评估接受(腺)扁桃体切除术的儿童中25(OH)维生素D缺乏症的患病率。

方法

2008年11月1日至2008年12月20日,对33名年龄在4至16岁、居住在新西兰奥克兰(南纬36°52')、因呼吸困难/睡眠呼吸暂停和/或复发性扁桃体炎而接受(腺)扁桃体切除术的儿童进行了25(OH)维生素D、铁和锌水平的检测。

结果

在32名检测了25(OH)维生素D水平的患者中,15.6%维生素D缺乏(25(OH)维生素D<50nmol/L),78%的患者水平<75nmol/L。
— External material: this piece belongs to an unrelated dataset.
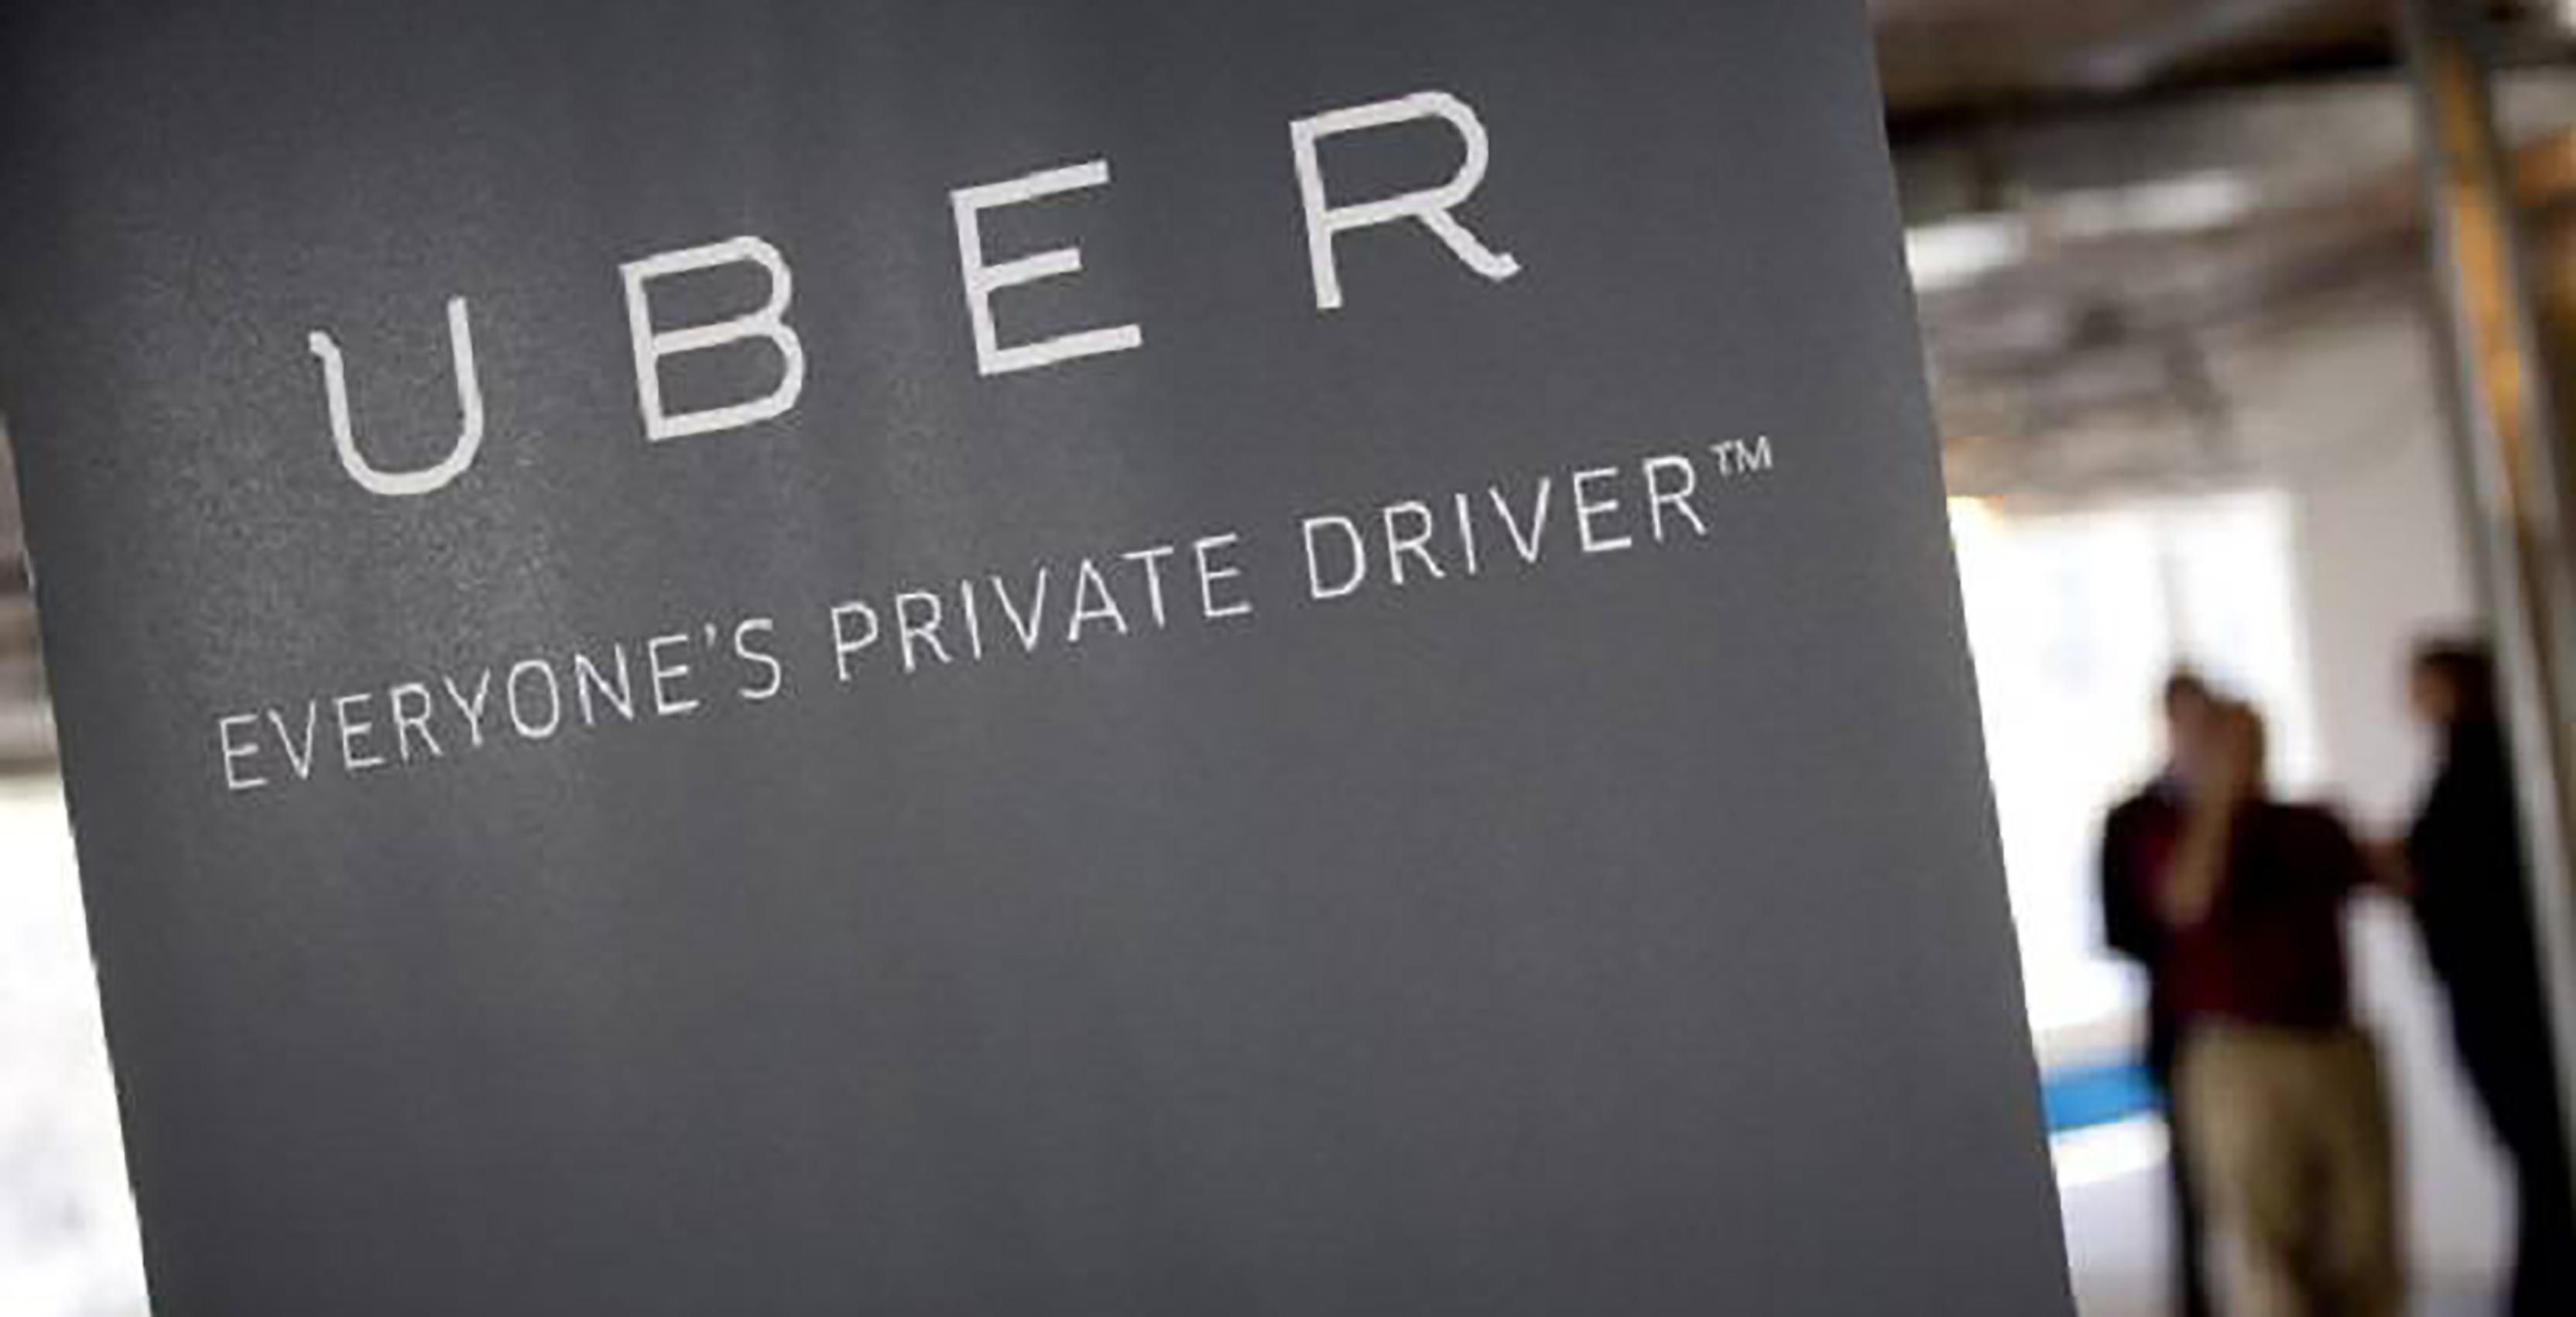 Uber header private driver image

25(OH)维生素D水平与菲茨帕特里克皮肤类型(斯皮尔曼等级相关系数=-0.713,p<0.01)、体重指数(BMI)(斯皮尔曼等级相关系数=-0.434,p=0.013)和扁桃体大小(斯皮尔曼等级相关系数=-0.417,p=0.017)呈负相关。然而,回归模型显示,只有菲茨帕特里克皮肤类型(β=-0.687,p=0.001)和BMI(β=-0.256,p=0.044)是维生素D水平的显著预测因素(R²=0.572)。

结论

78%接受(腺)扁桃体切除术的奥克兰儿童25(OH)维生素D水平<75nmol/L,这一水平与上呼吸道感染发病率增加有关。低25(OH)维生素D水平与肤色较深、BMI增加和评估的扁桃体较大有关。扁桃体较大与较低的25(OH)维生素D状态之间的关联需要进一步评估,但这可能解释了为什么黑人和西班牙裔儿童比白人儿童更有可能因打鼾或阻塞性睡眠呼吸暂停而接受(腺)扁桃体切除术。